I like the creative labels. It is fun and helps me dissociate it all from cigarettes. Plus I really like cartoons. So to me its all good.

Besides, I never bought cigarettes because of the picture and I was a minor.


----------



## Spydro (13/9/16)

In comparison to what kids see and hear and do in real life every day and night in the USA literally anywhere and everywhere, the labels on eliquids should be the least concern of the government or citizens of the US. Government and many parents just don't get the fact that kids are going to do whatever the kids want to do no matter what the government, law enforcement, their parents or anyone else says to the contrary. That's the way it was in the 40's when I came along, that's the way it has been ever since, that's the way it always will be in the US. The dangers and seriousness has changed over time from the relatively safe 40's and 50's questionable/illegal things kids did to the ever increasing dangers of the 60's, 70's, 80's, 90's and new millennium to the very serious real dangers of the world today. The US has become a very dangerous place for even law abiding citizens. And with the new leadership it will soon have it will become an even more dangerous place for all citizens, illegal's and visitor's alike.

Reactions: Informative 1


----------



## Imperator (13/9/16)

We can argue about whether or not the industry should be held accountable if something _were _to go wrong but, at the end of the day, it seems likely that emotions would dominate the discourse rather than logic. So, we can say that it is the parents fault but, regardless of that, there would be a backlash felt by the industry.

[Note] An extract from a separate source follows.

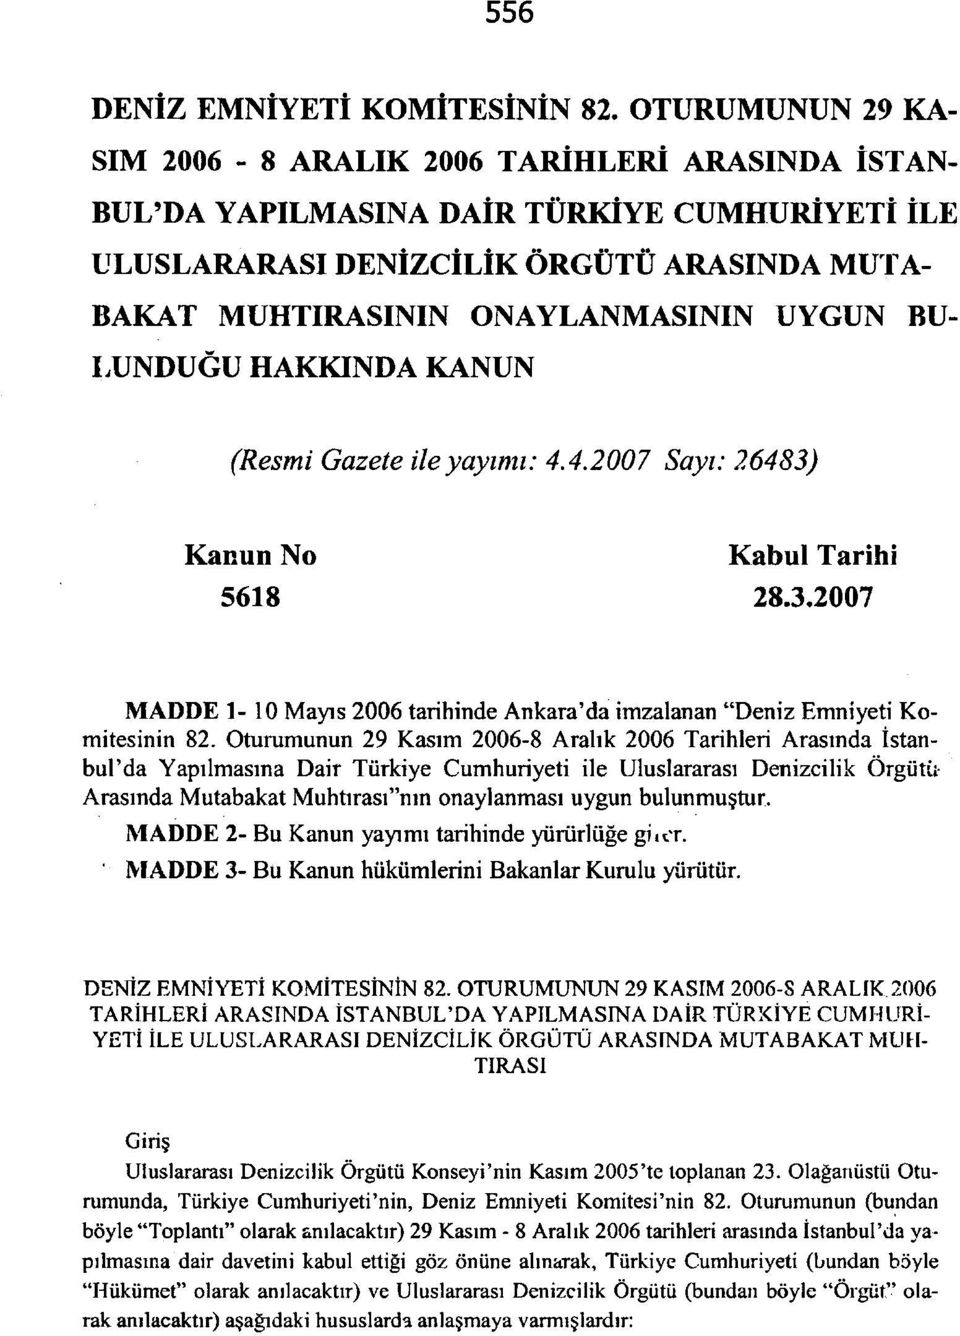 BU LUNDUĞU HAKKINDA KANUN (Resmi Gazete ile yayımı: 4.4.2007 Sayı: 26483) Kanun No Kabul Tarihi MADDE 1-10 Mayıs 2006 tarihinde Ankara'da imzalanan "Deniz Emniyeti Komitesinin 82.
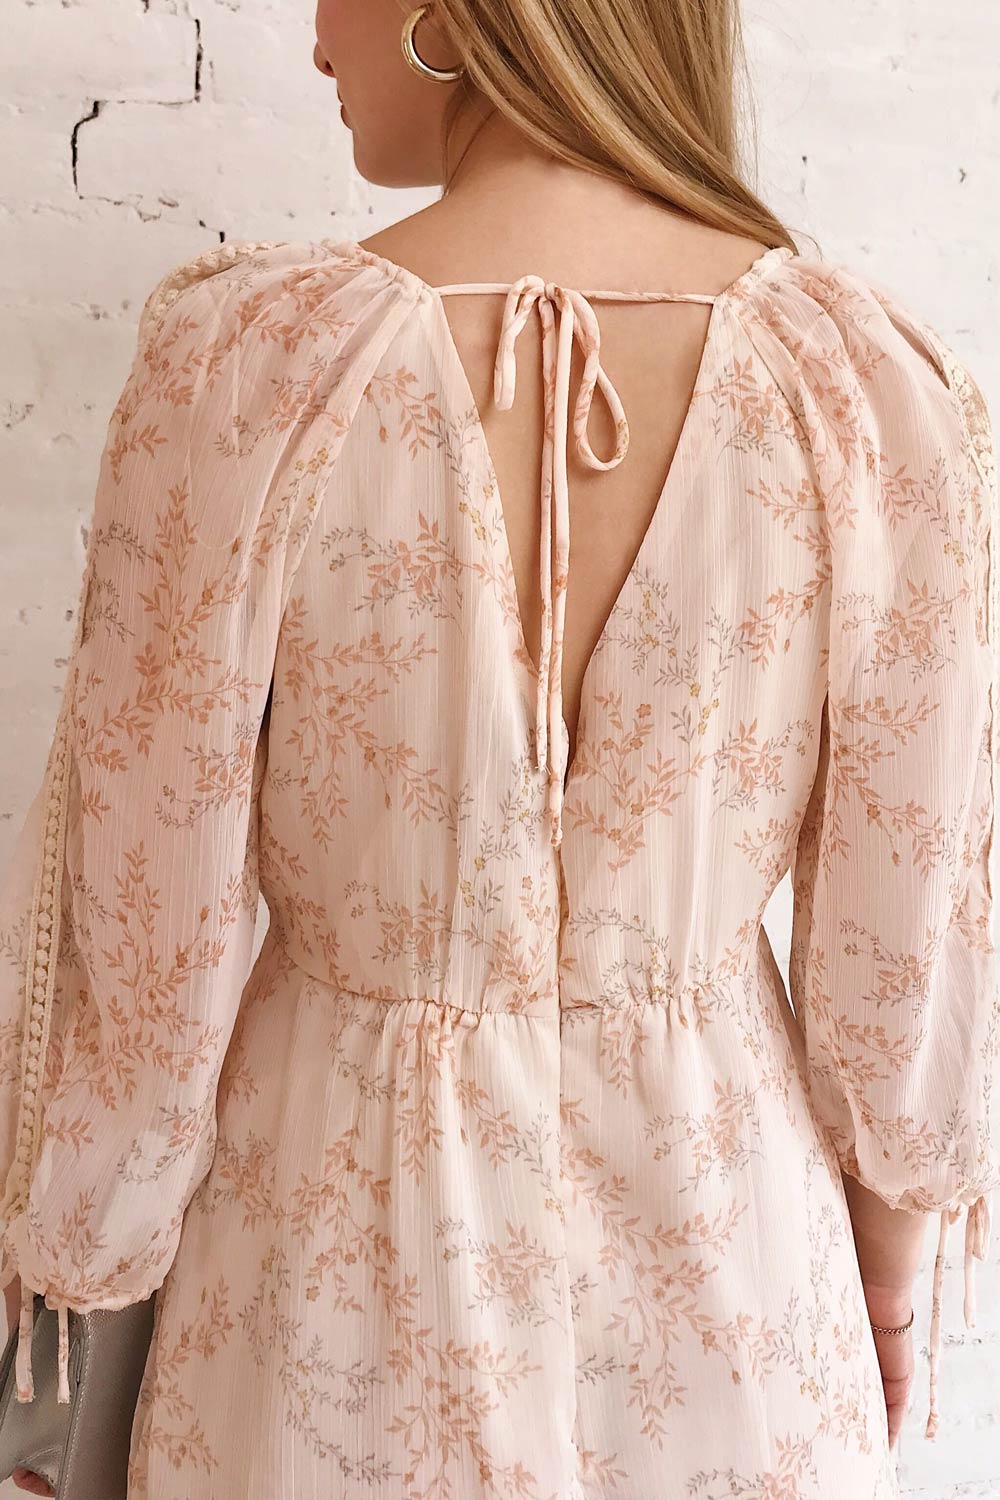 Mylene Light Pink Floral Short Dress w/ Frills | Boutique 1861 model back

It just seems like a good preemptive step to remove even the possibility of such blame being placed on the local industry.

Reactions: Agree 2


----------



## rogue zombie (13/9/16)

I think labels are massively important. Making a label that in any way attracts a child. To me, sorry, it's just short sighted.





Any parent, tell me you are confident you could explain to your toddler or baby, that one is filled with nicotine... And trust there won't be an issue.

Plus, of coarse it will attract bad press.

Reactions: Like 2 | Agree 2 | Winner 2


----------



## Silver (13/9/16)

Thread moved to "Who has stock" just in case vendors want to discuss their products and labels


----------